Work to be completed: Give the data below again exactly as written, without its pictures.
*** Provided material Section Begins ***
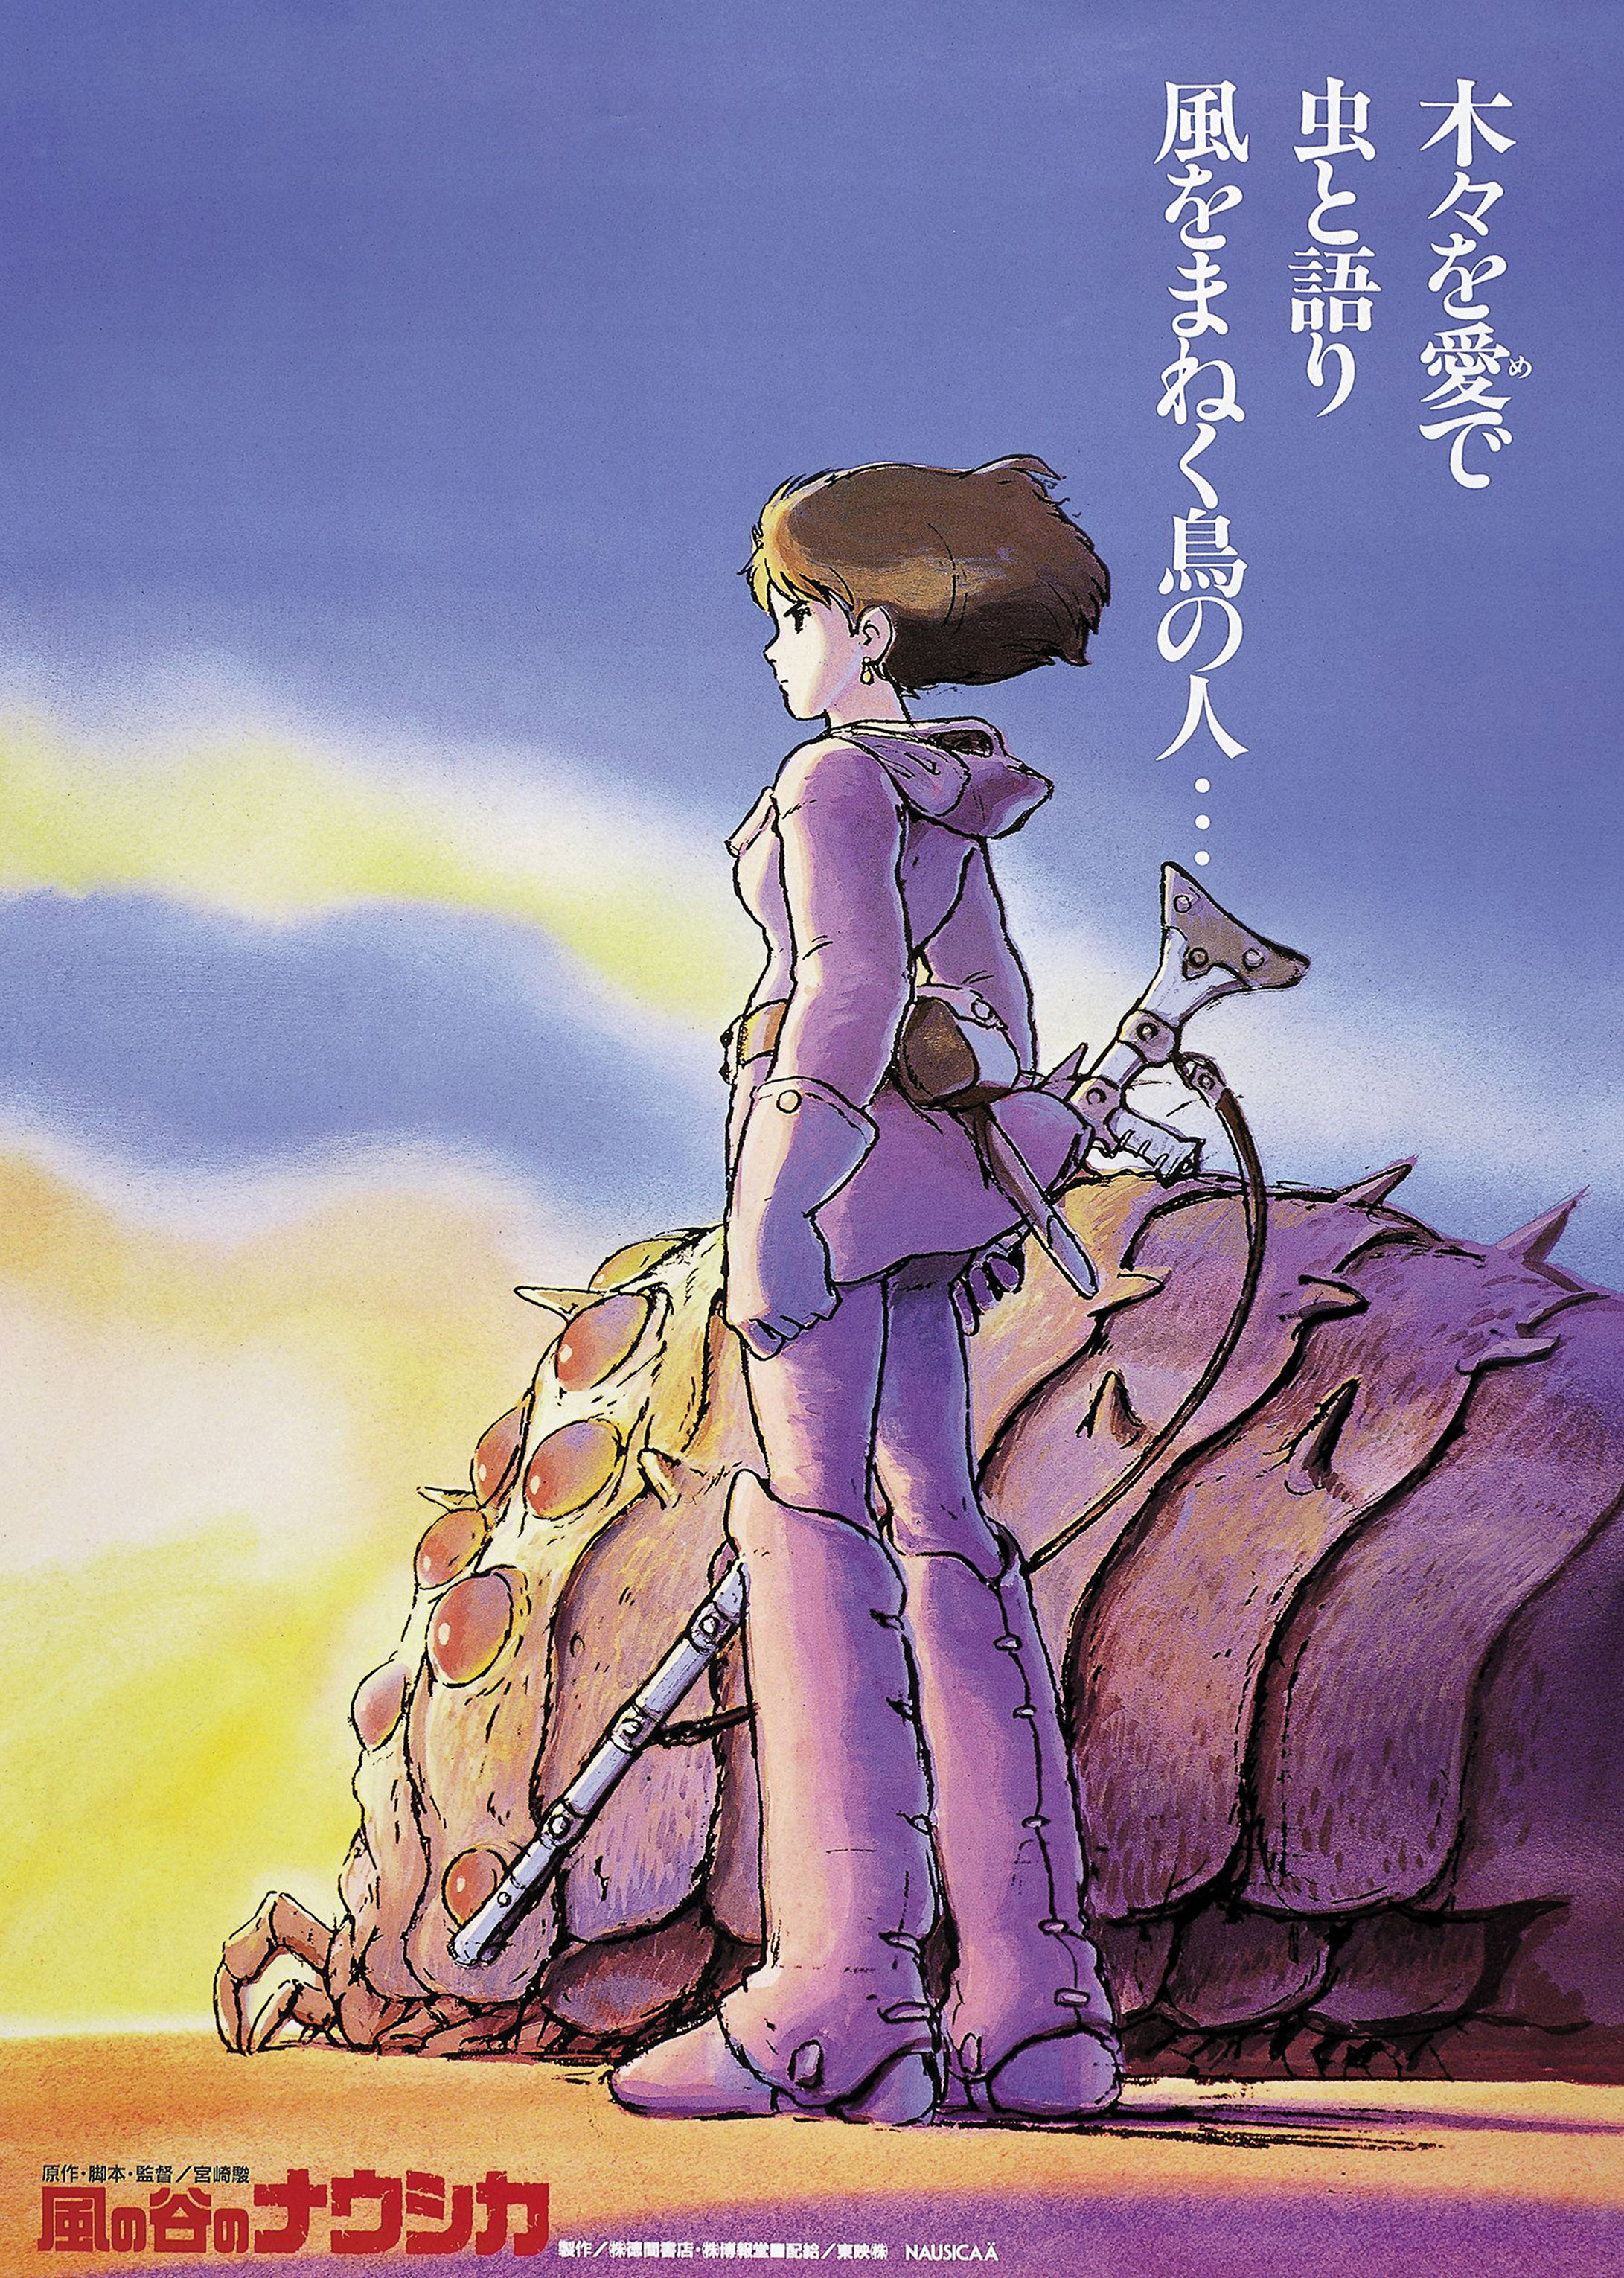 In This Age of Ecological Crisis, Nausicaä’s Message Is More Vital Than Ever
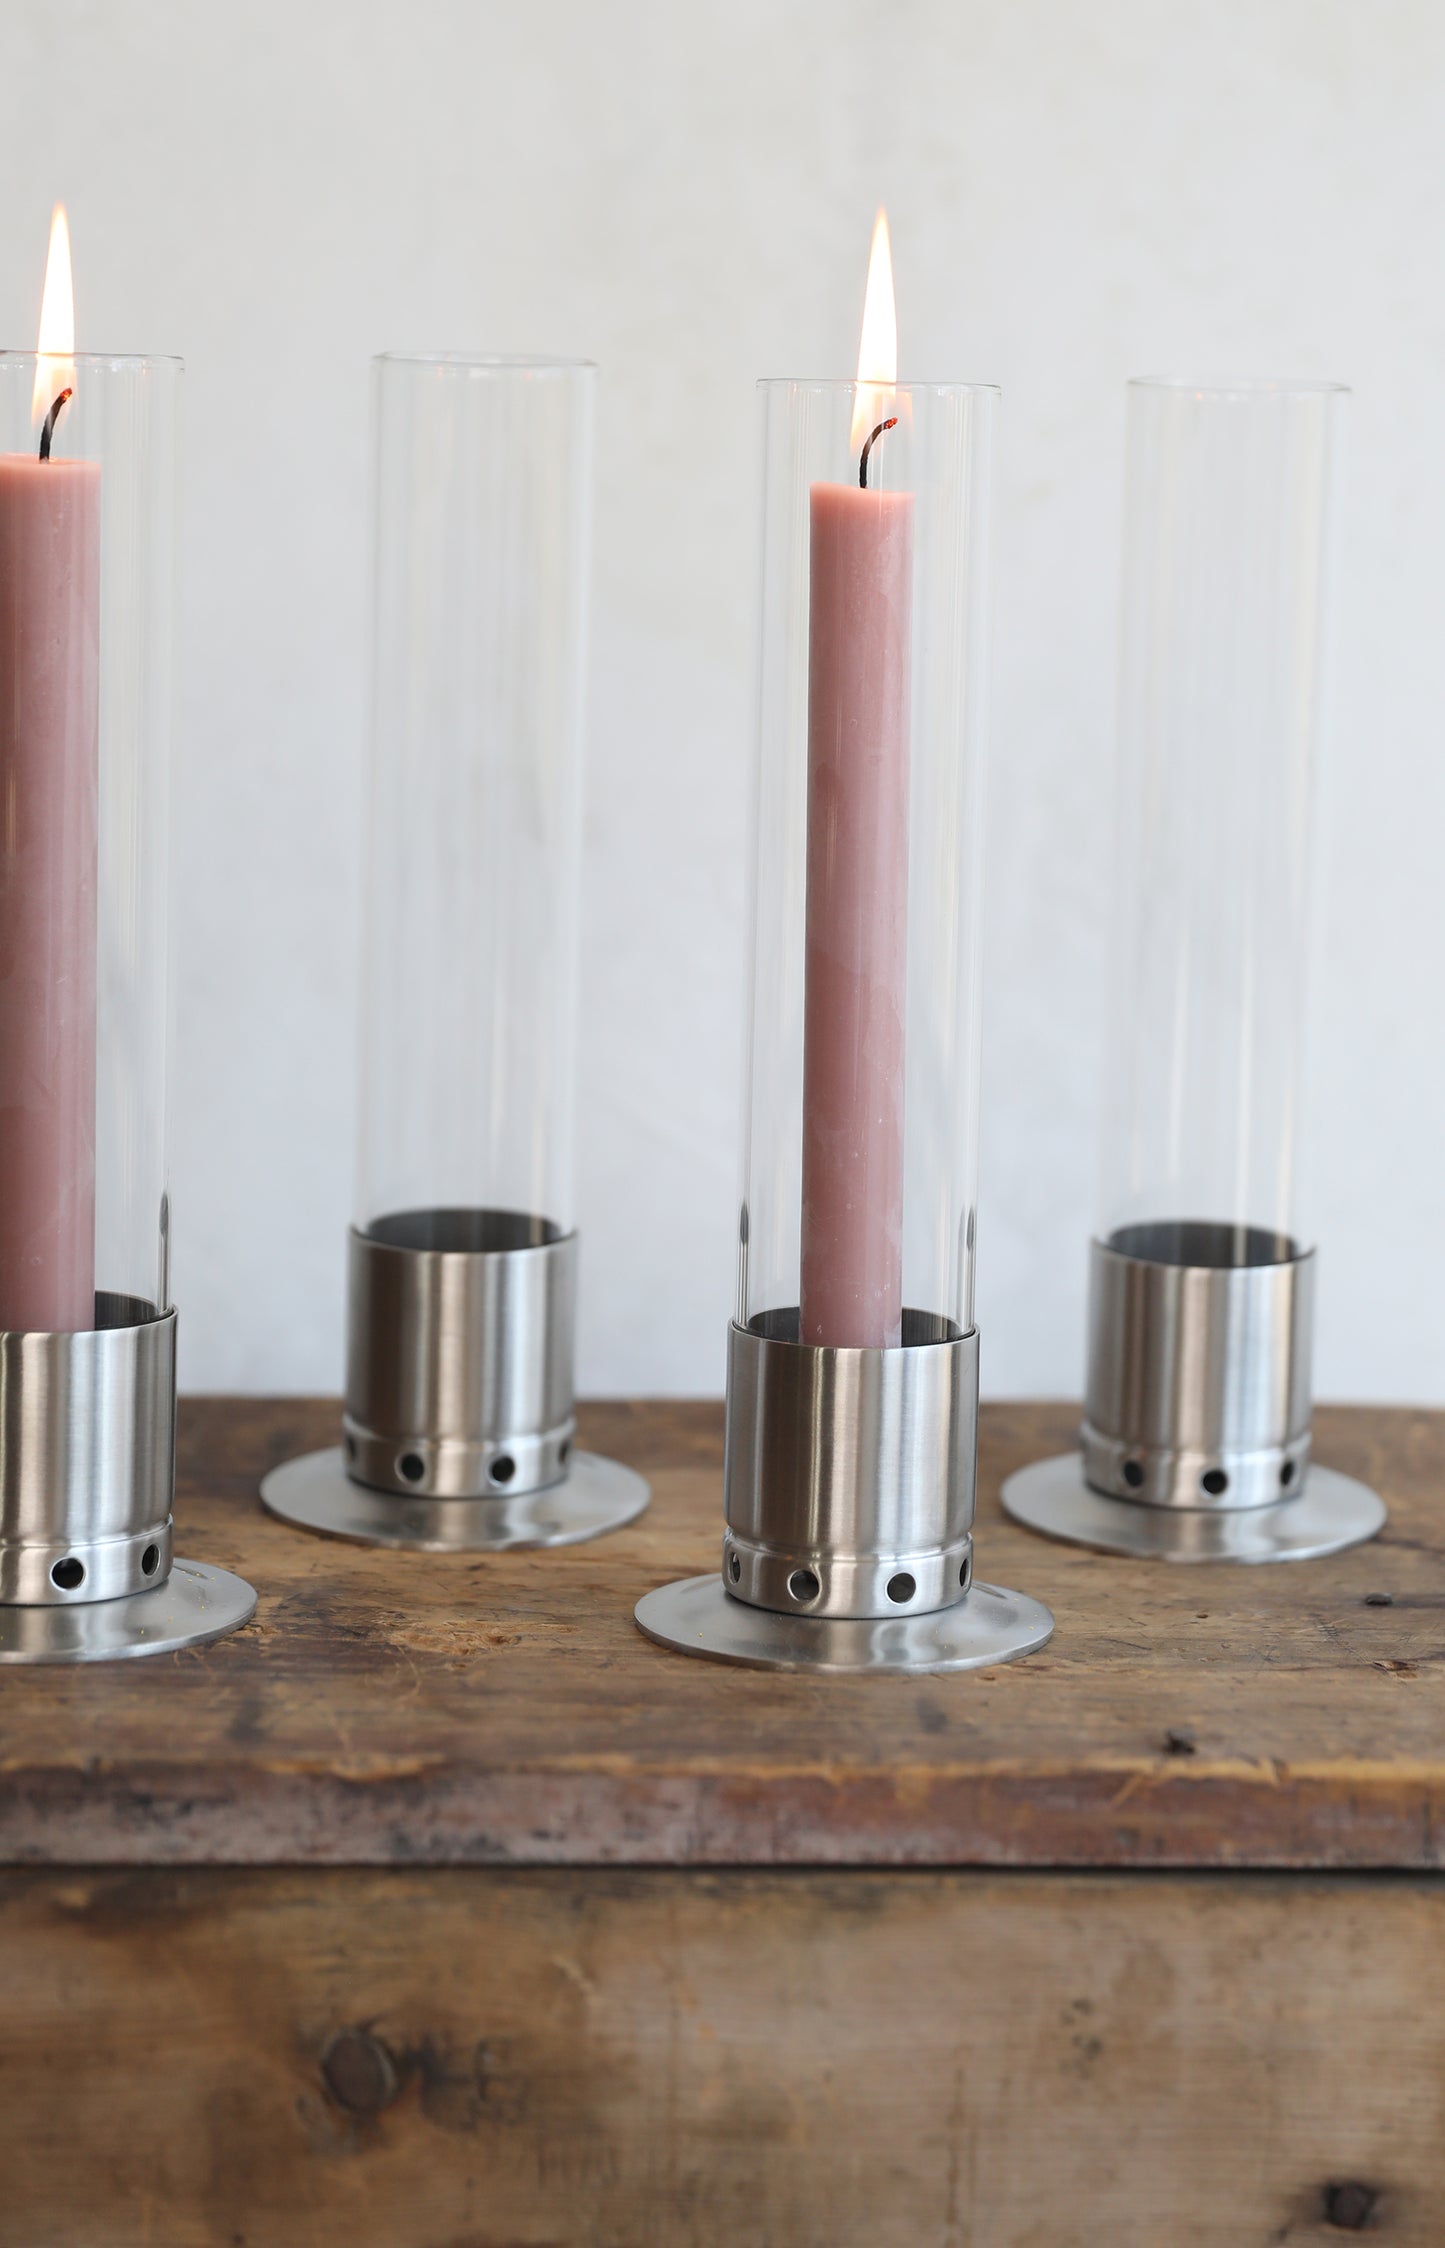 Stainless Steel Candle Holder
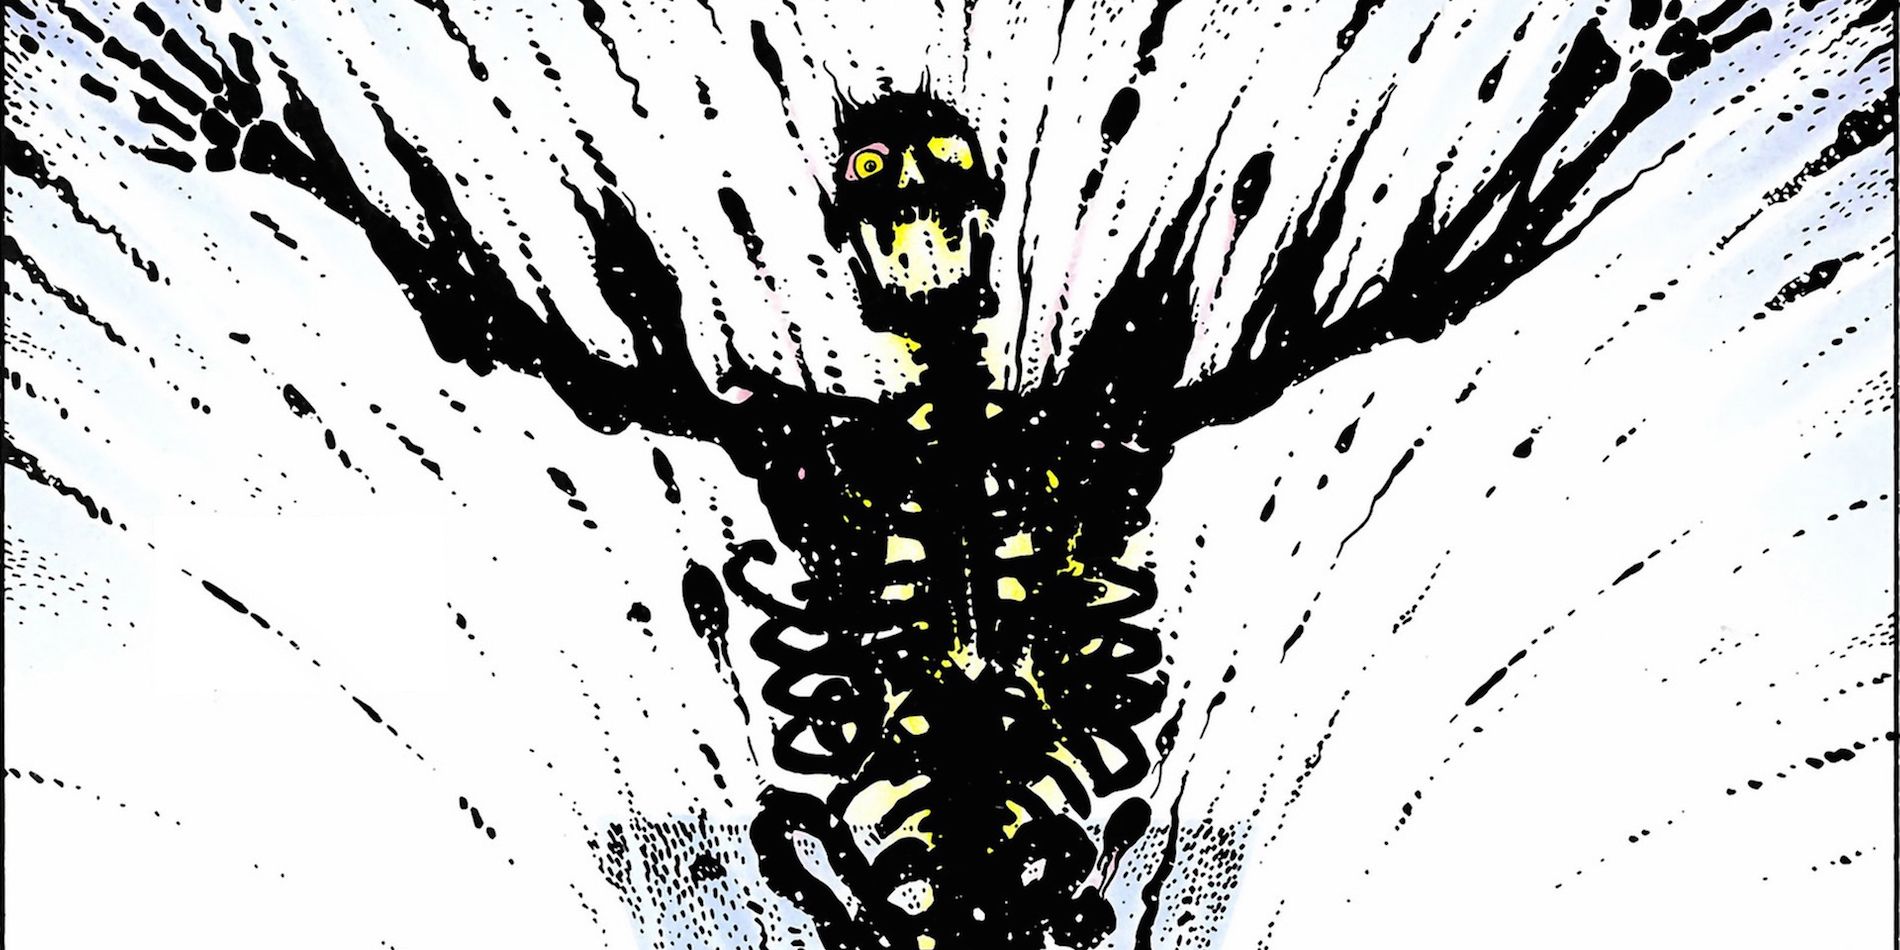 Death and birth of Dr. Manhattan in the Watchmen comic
*** Provided material Section Ends ***
Your solution:
 In This Age of Ecological Crisis, Nausicaä’s Message Is More Vital Than Ever
 Stainless Steel Candle Holder
 Death and birth of Dr. Manhattan in the Watchmen comic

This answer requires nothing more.